### Data excerpt
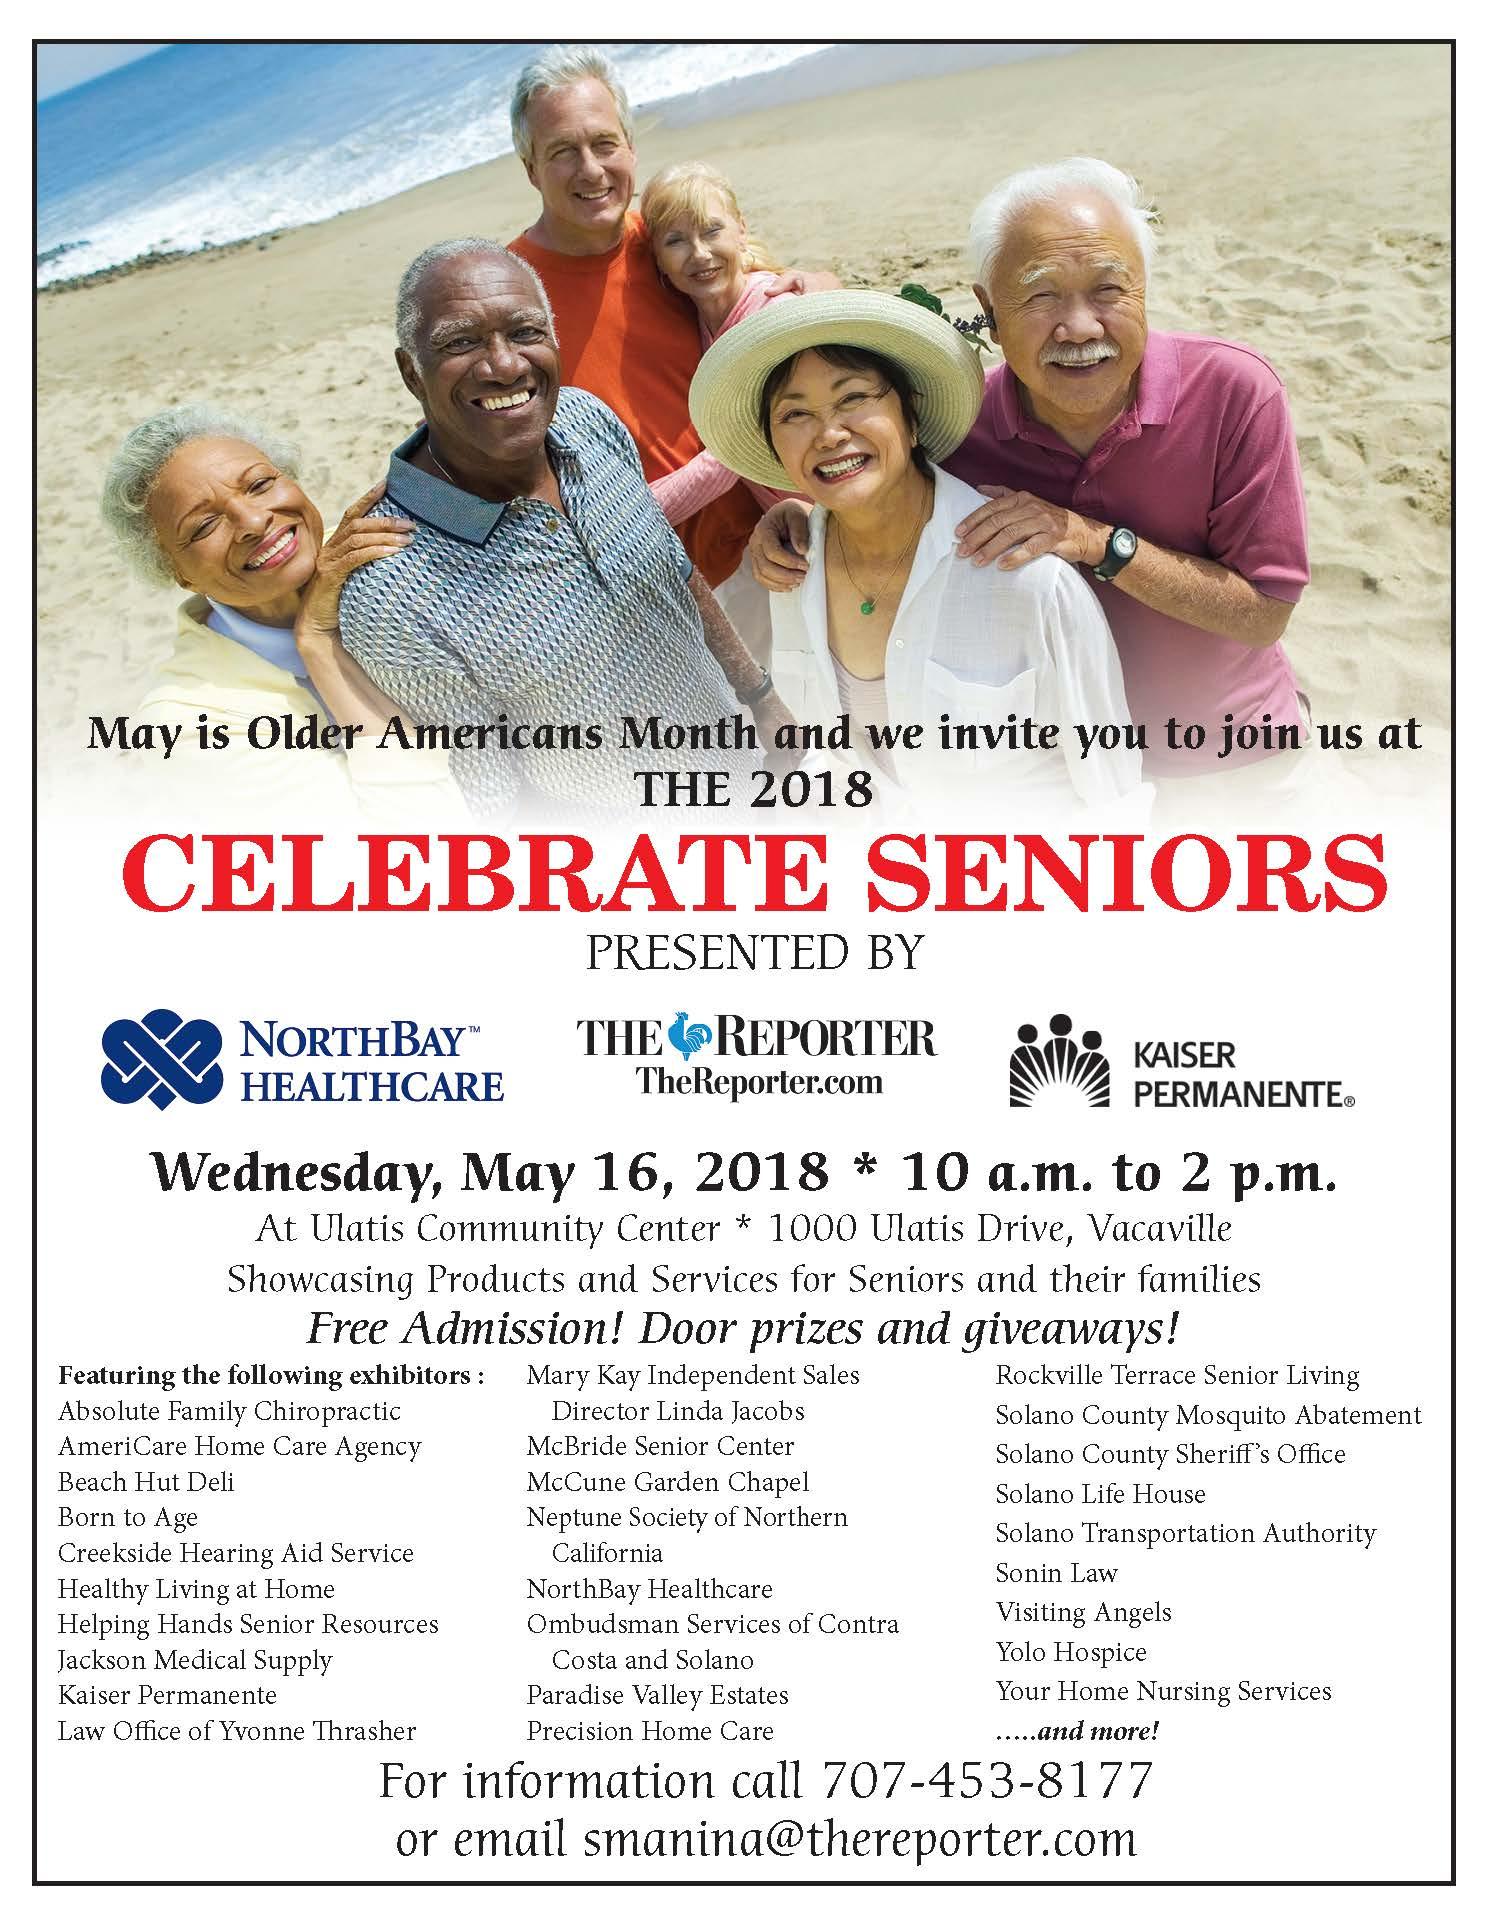 Celebrate Seniors 2018 | Event Calendar (All In One
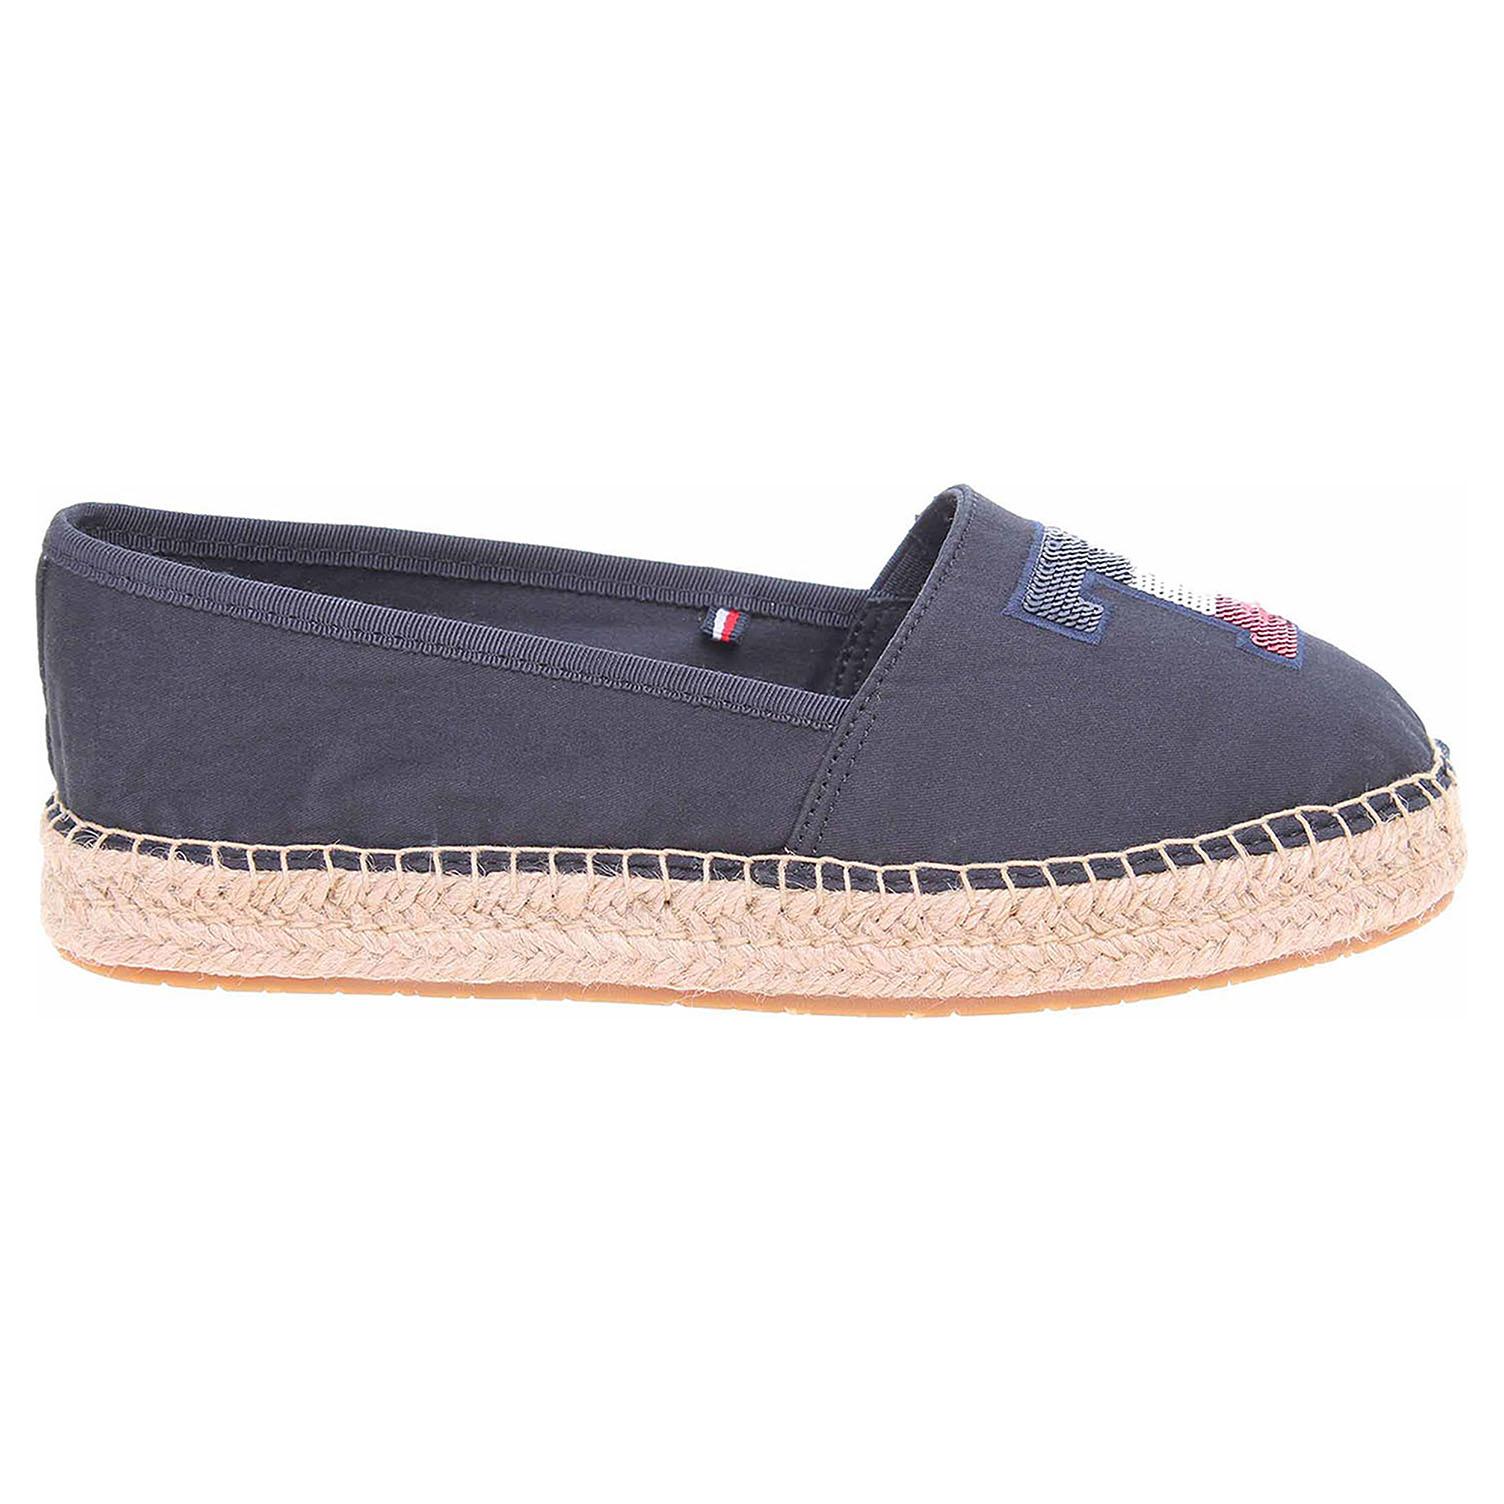 22c1483826 detail Dámská obuv Tommy Hilfiger FW0FW02412 403 midnight
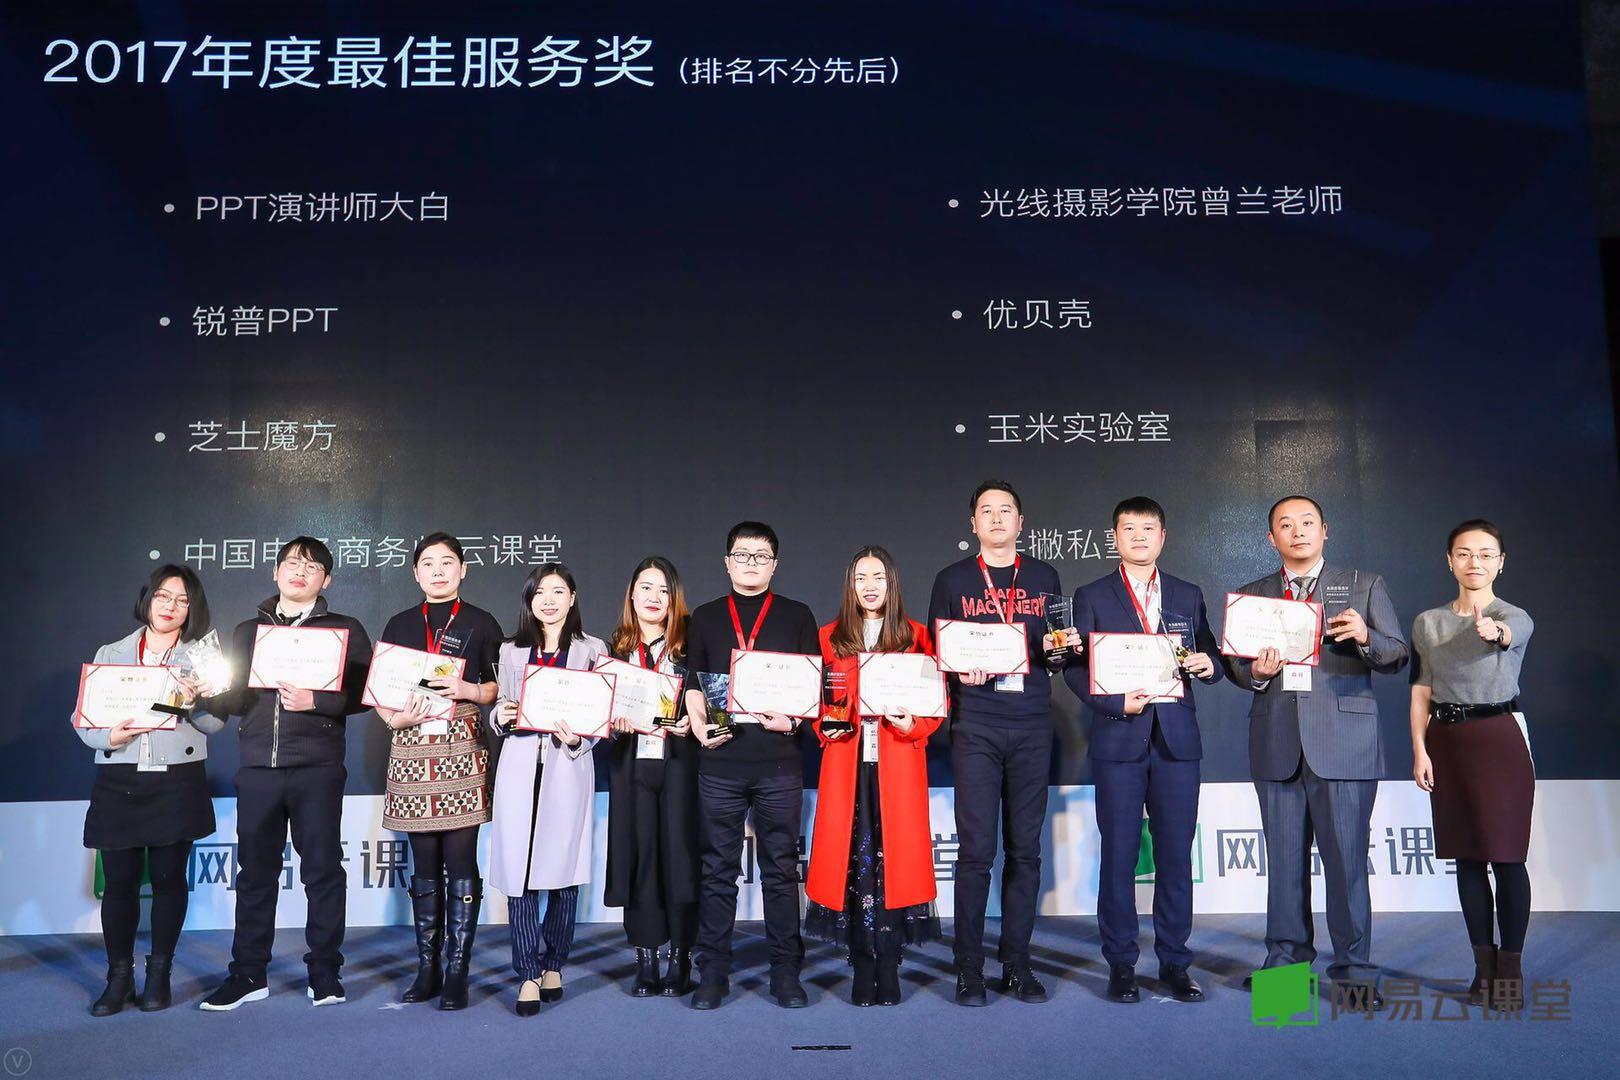 CDA荣获网易云课堂2017年度最佳服务奖

### How to complete this task
Drop the pictures and copy the data exactly.

### Written answer
 Celebrate Seniors 2018 | Event Calendar (All In One
 22c1483826 detail Dámská obuv Tommy Hilfiger FW0FW02412 403 midnight
 CDA荣获网易云课堂2017年度最佳服务奖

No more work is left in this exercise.